Irak’ta, Lübnan’da, Filistin’de yaşanan zulümlerin ve haksızlıkların pek azını biliyoruz. Sanki saldırgan taraf yokmuş, bu insanların topraklarını işgal eden kimse yokmuş gibi gösterilmektedir. Karşı koyan, nefsi müdafaa halinde bulunan sivil direnişçiler ise bütün olayların sebebi imiş gibi, terörist olarak gösterilmektedir. Kimdir bunu yapanlar? Medyayı istediği gibi yönlendirenler de, çoluk çocuk demeden katliam yapanlar da aynı mayanın insanlarıdır. ABD’nin ve İsrail’in hâkim güçleri yaşananların baş aktörleridir. Amerika ve İsrail’in en çok önem verdiği alanlardan biri medyanın gücünü kullanmaktır. Bu ülkeler bütün dünyada medyanın, kendi istediği şekilde yayın yapmasını sağlamak üzere büyük paralar harcar. Türkiye’de de kullandığı ve bizzat finanse ettiği kanal ve gazetelerin olduğunu görmemek için çok saf olmak gerekir.

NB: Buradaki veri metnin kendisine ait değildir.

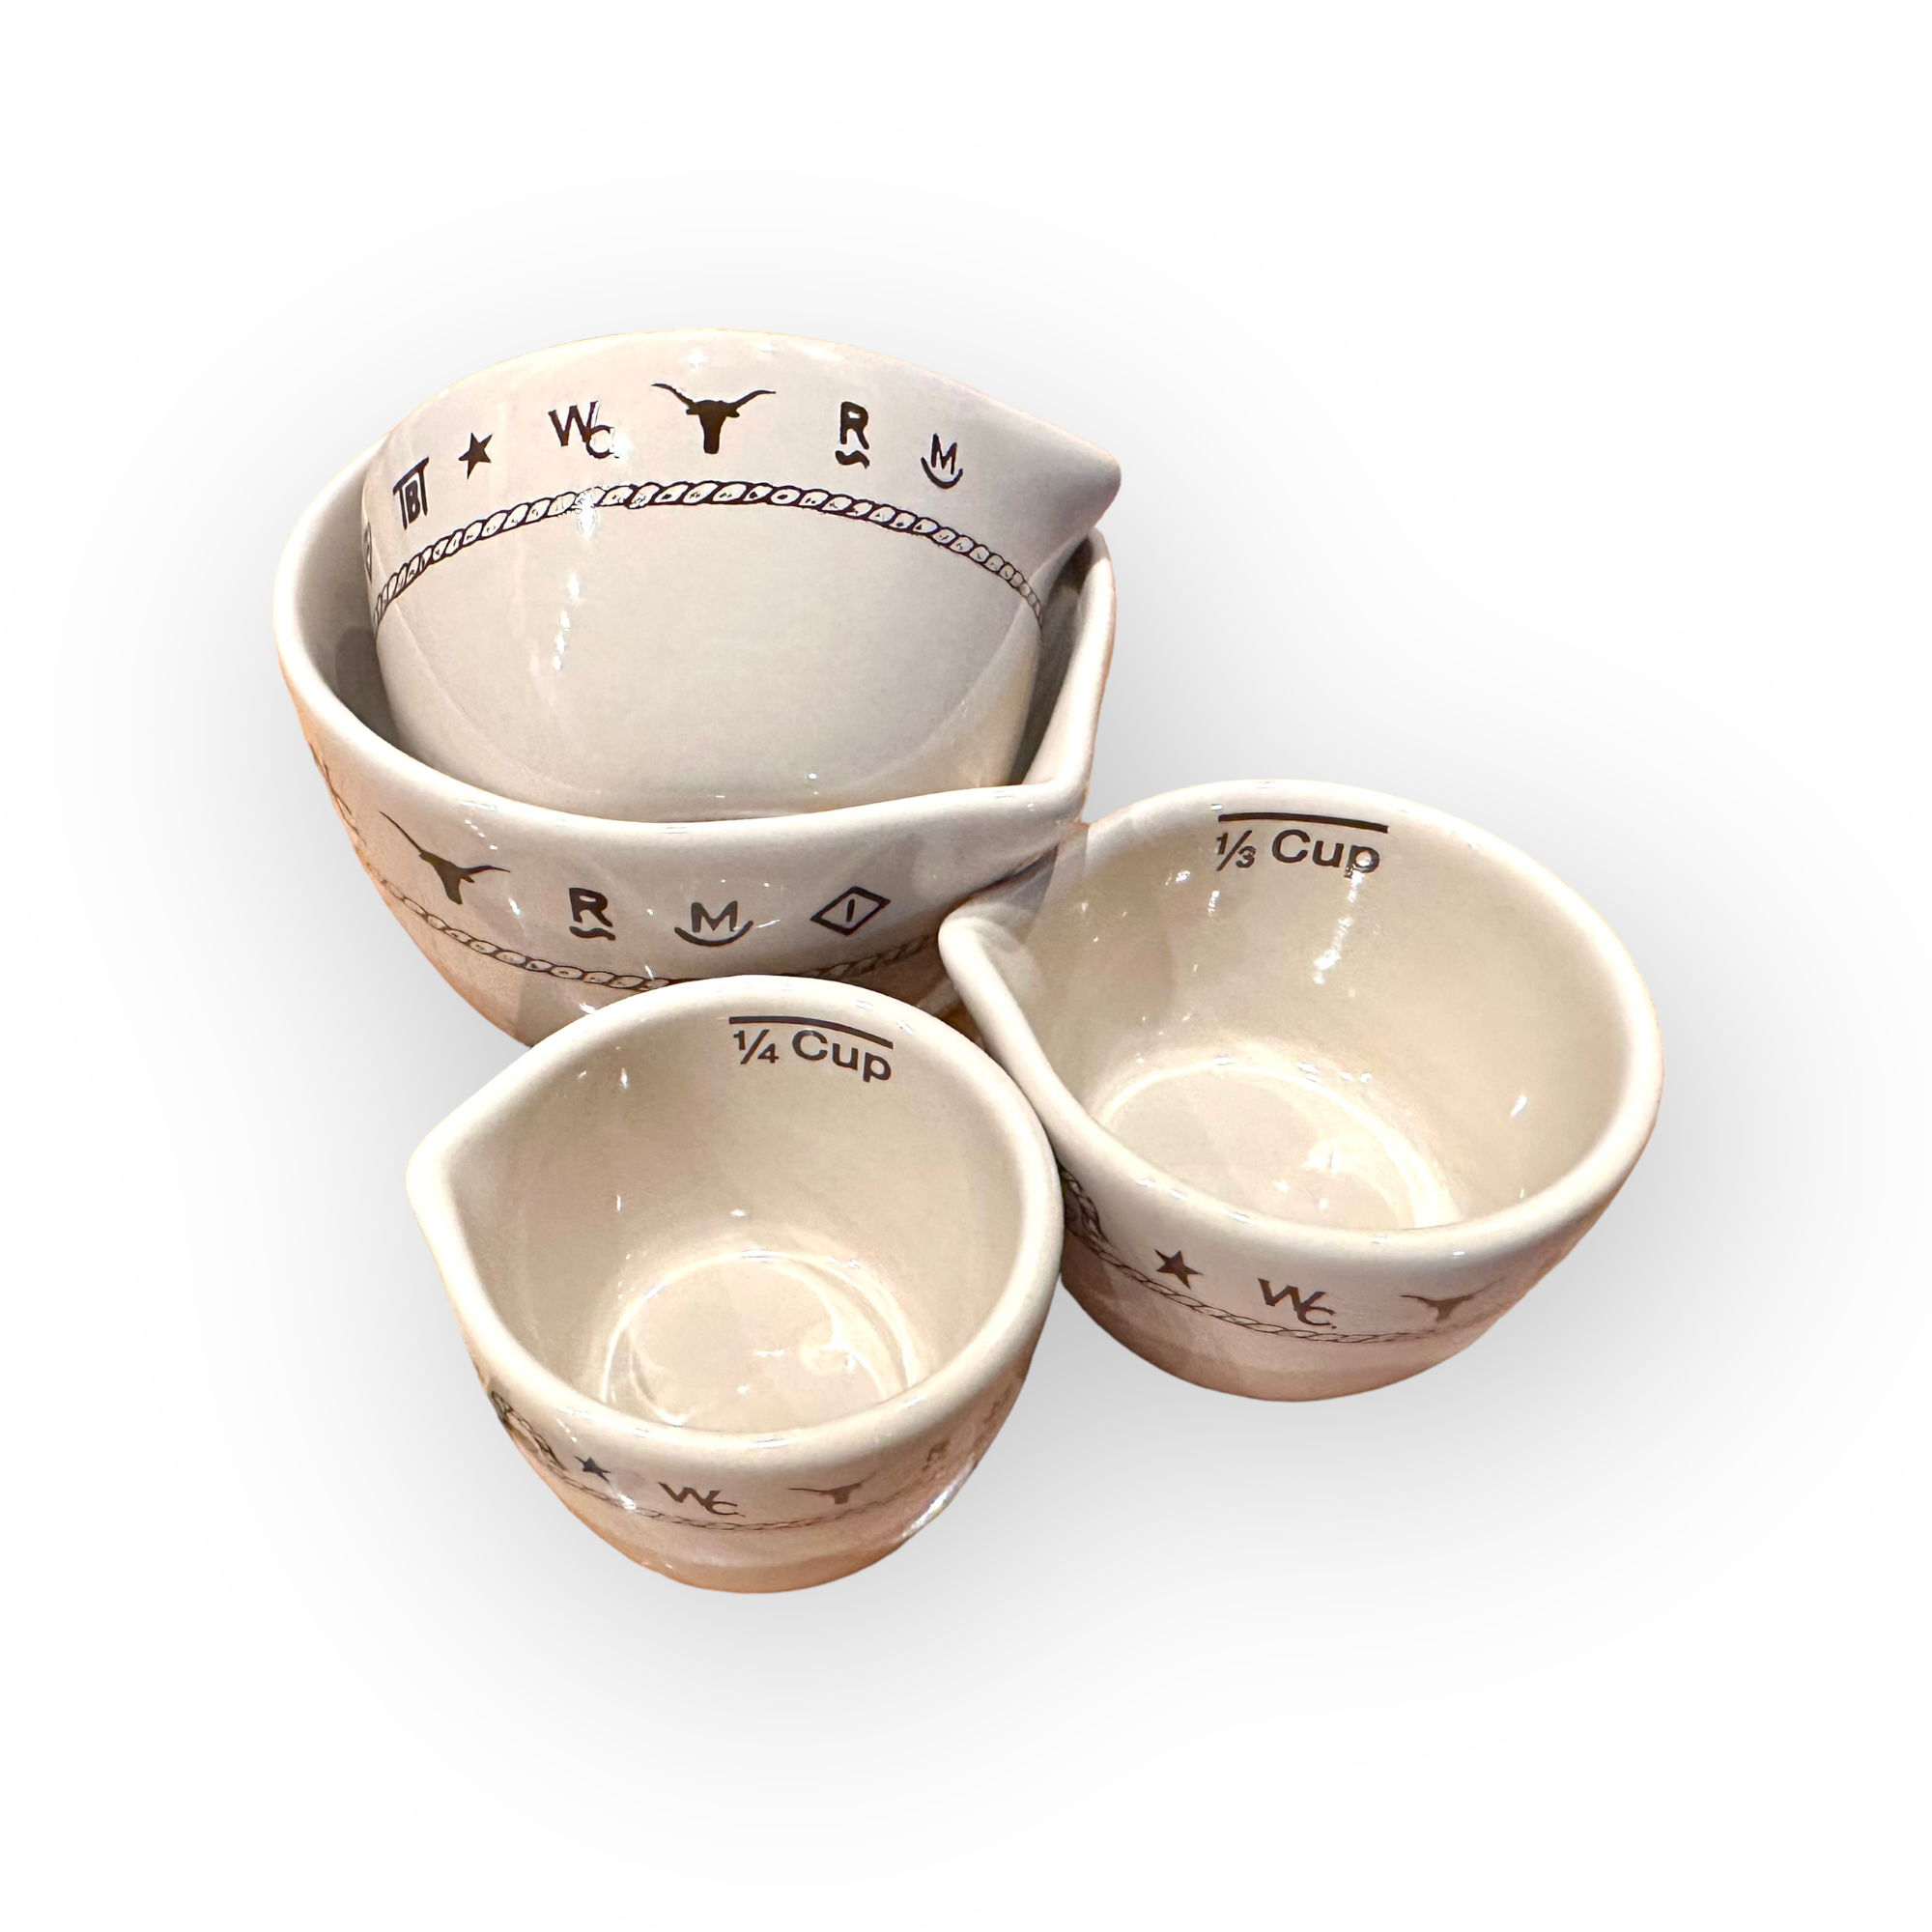 Branded Ceramic Measuring Cups

Tabiî ki ABD ve İsrail’in medya konusunda yaptıkları kendi açılarından gayet normaldir ve gereklidir. Bizim asıl üzerinde durmak istediğimiz husus, ülkesini sevdiğini ve milletinin değerlerini benimsediğini söyleyen bazı parti ve müesseselerin medyanın bu çarpıtmalarını anlayamamalarıdır. Geçmişte elinde gazete kupürleri ile topluma yön vermeğe kalkışan vatan kurtarıcılar gördük. Medyanın yönlendirmesi ile ihtilâle kalkışanlar gördük. 12 Eylül öncesi iki ayrı görüşü birbirine kırdırarak sıkıyönetimi haklı gösterme, ihtilale zemin hazırlama çabaları herkesin malûmudur.
Yeterli olmamakla birlikte millî değerlere bağlı, dürüst, Allah’tan korkan bir medya gelişmekte. İnşallah aralarında dayanışma oluşturur, birbirlerine destek olurlar. Böylece şer güçlerin oyunlarını bozarlar. Bizim bu konuda vazifemiz, maddî ve manevî destek olmaktır. Bir de bize bir münafık veya günahı açıkça işleyen ve utanmayan birileri bir haber ulaştırdığında, o haberi iyice araştırmaktır.